24 June 2011

PRESS RELEASE: JFM supports Bethany Survivors in rejecting Ruairi Quinn refusal to include Bethany Home survivors in redress scheme

Justice for Magdalenes (JFM), the survivor advocacy group, stands with and supports survivors of the Bethany Home in their rejection of a recent statement by Minister for Education, Ruairi Quinn. Minister Quinn turned down the survivors’ request to have the Home included in the Schedule to the Residential Institutions Redress Scheme. They met the Minister on 24 May last, accompanied by other survivors from the home and by Niall Meehan from Griffith College Dublin.

JFM sees the Bethany cause as central to finally unearthing the institutional abuse of marginalized women and children in Ireland.
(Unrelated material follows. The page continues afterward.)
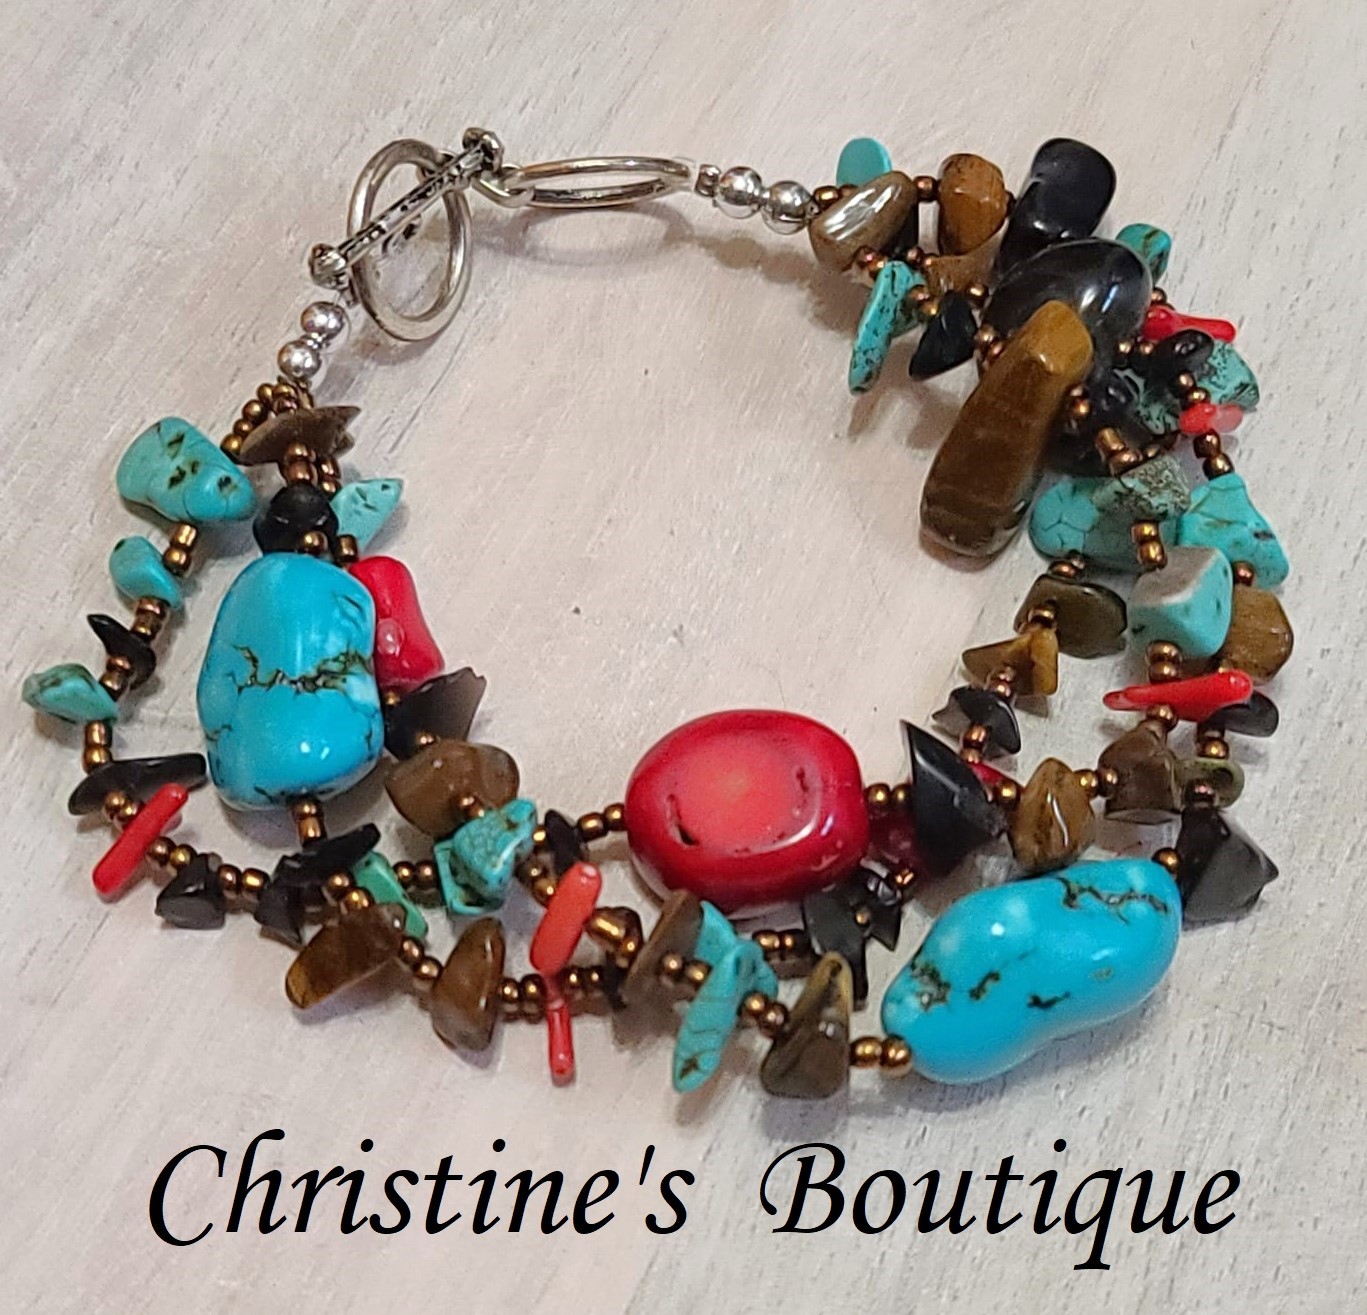 Gemstone nugget bracelet with 3 rows, dyed coral, turquoise, howlite, tiger eye

Like survivors of Ireland’s Magdalene Laundries, Bethany survivors were omitted from the 2002 Redress Act.

[ENDS]

Full Bethany Survivors press release, letter from Minister Quinn and accompanying documents (below)

Bethany Survivors reject Ruairi Quinn refusal to include Bethany Home survivors in redress scheme

(Bethany Home was a Protestant evangelical home for unmarried mothers, a children’s home, that also housed women convicted of infanticide, prostitution, petty theft – who were referred there by the courts from the 1920s to the 1960s. It 1945 it was also recognised as a place of detention under the Children’s Act 1908. It was opened by the Church of Ireland Archbishop of Dublin in 1922 and closed in 1972. Its assets were distributed in 1974: 85% to the Church of Ireland Magdalen Home on Leeson St and 15% to Miss Carr’s Home, North Circular Road, Dublin)

In letters to Joe Costello TD and Bethany Home Survivors Chairperson, Derek Leinster (attached), Ruairi Quinn TD, Minister for Education, has turned down the survivors’ request to have the Home included in the Schedule to the Residential Institutions Redress Scheme. They met the Minister on 24 May last, accompanied by other survivors from the home, and by Niall Meehan from Griffith College Dublin. Inclusion is necessary in order for survivors to apply for compensation for the neglect they suffered while in the home, which they say the state ignored.

Spokesperson Derek Leinster, who was in Bethany Home from 1941-45 said, “In his reply to me and to Deputy Joe Costello, Minister Quinn ignored the arguments we put to him. He regurgitated the tired excuses of his Fianna Fail predecessors in turning down Bethany survivors.

We gave him documents proving that state officials, in particular the then Deputy Chief Medical Adviser, Winslow Sterling Berry, ignored evidence of neglect and record numbers of deaths in Bethany Home in the late 1930s. In answer to internal and external criticism of the home’s standards of care Sterling Berry said, ‘It is well recognised that illegitimate children are delicate’. Berry then forced the home, in his presence, to cease admitting Roman Catholics, so as to give him and other state officials a quieter life. We discovered 219 unmarked graves of Bethany children in 2010. Over a third died in the five year period (1935-39) before Sterling Berry entered the Bethany Home. That was five years after the state took on statuary powers in 1934 to inspect and to regulate maternity homes like Bethany.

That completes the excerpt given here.